Unlike Ross, in which the child expressed a clear custody preference based on significant emotional distress caused by living with the mother, these children have expressed no opposition to continuing joint custody. Dr. Keller also reported that the children are psychologically well-adjusted and love both parents equally. Furthermore, unlike Steinke, the district court expressly considered the preference of both children. The district court noted that, "[a]ccording to the report from Dr. Keller, the girls still have some hesitancy about spending time with their [f]ather." Although the district court concluded that "[i]t is in [the children's] best interest to have an equal parenting time schedule with both parents," the district court noted that, "given the reservations of the girls, it would be in their best interest to stagger the additions."

The district court also found that "adding parenting time for father is beneficial to the girls as it will continue the forward process of strengthening their relationship that has been started between them." Mother claims that this finding is not supported by the evidence. In Dr.
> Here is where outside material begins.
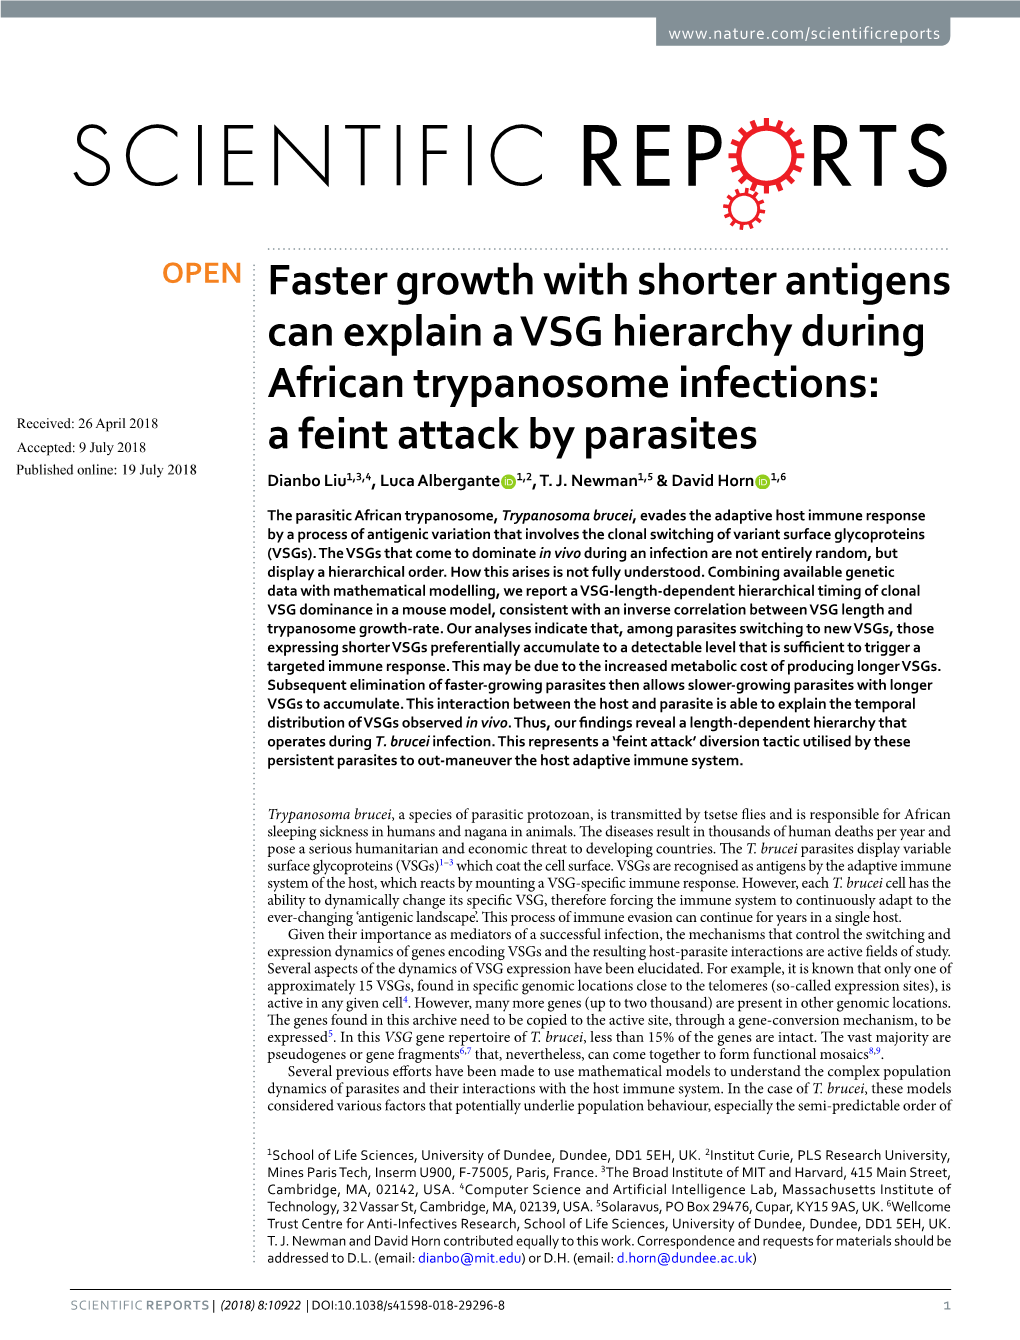 Faster Growth with Shorter Antigens Can Explain a VSG Hierarchy During African Trypanosome Infections

Keller's December 2015 report, he stated that "[b]oth children . . . are angry with their father for how and why he and their mother ended their relationship . . . and that their anger plays a significant role as to their current reported discomfort when at their father's home." Dr. Keller recommended that father participate in parent-child therapy with his children to address the children's "thoughts and feelings about how and why [father] and [mother] ended their relationship." Dr. Keller also recommended that the temporary parenting schedule, in which father had parenting time every Wednesday and every other weekend, should be maintained going forward.

The parties ultimately agreed to a parenting-time schedule granting father more parenting time than Dr. Keller recommended. In Dr. Keller's final report, he stated that "[t]he children report that their relationship with their father has notably improved and that parent-child counseling has contributed to the improvement." The record contains evidence that, as father spends more time with the children, their relationship improves. Therefore, the district court's finding that spending more time with father would benefit the children by strengthening their relationship with father is supported by evidence in the record and is not clearly erroneous. The district court did not abuse its discretion by granting father equal parenting time.

Primary residence

Mother argues that the district court abused its discretion by ordering equal parenting time, which de facto modified the children's primary residence. This court generally does not review issues that were not presented and considered by the district court. Thiele v. Stich, 425 N.W.2d 580, 582 (Minn. 1988). An issue is raised "too late" when first raised in a motion for amended findings. Allen v. Cent. Motors, Inc., 204 Minn. 295, 297, 283 N.W. 490, 492 (1939). Similarly, a party may not raise an issue for the first time in a motion for a new trial. Ellingson v. Burlington N. R.R., 412 N.W.2d 401, 405 (Minn. App. 1987), review denied (Minn. Nov. 13, 1987).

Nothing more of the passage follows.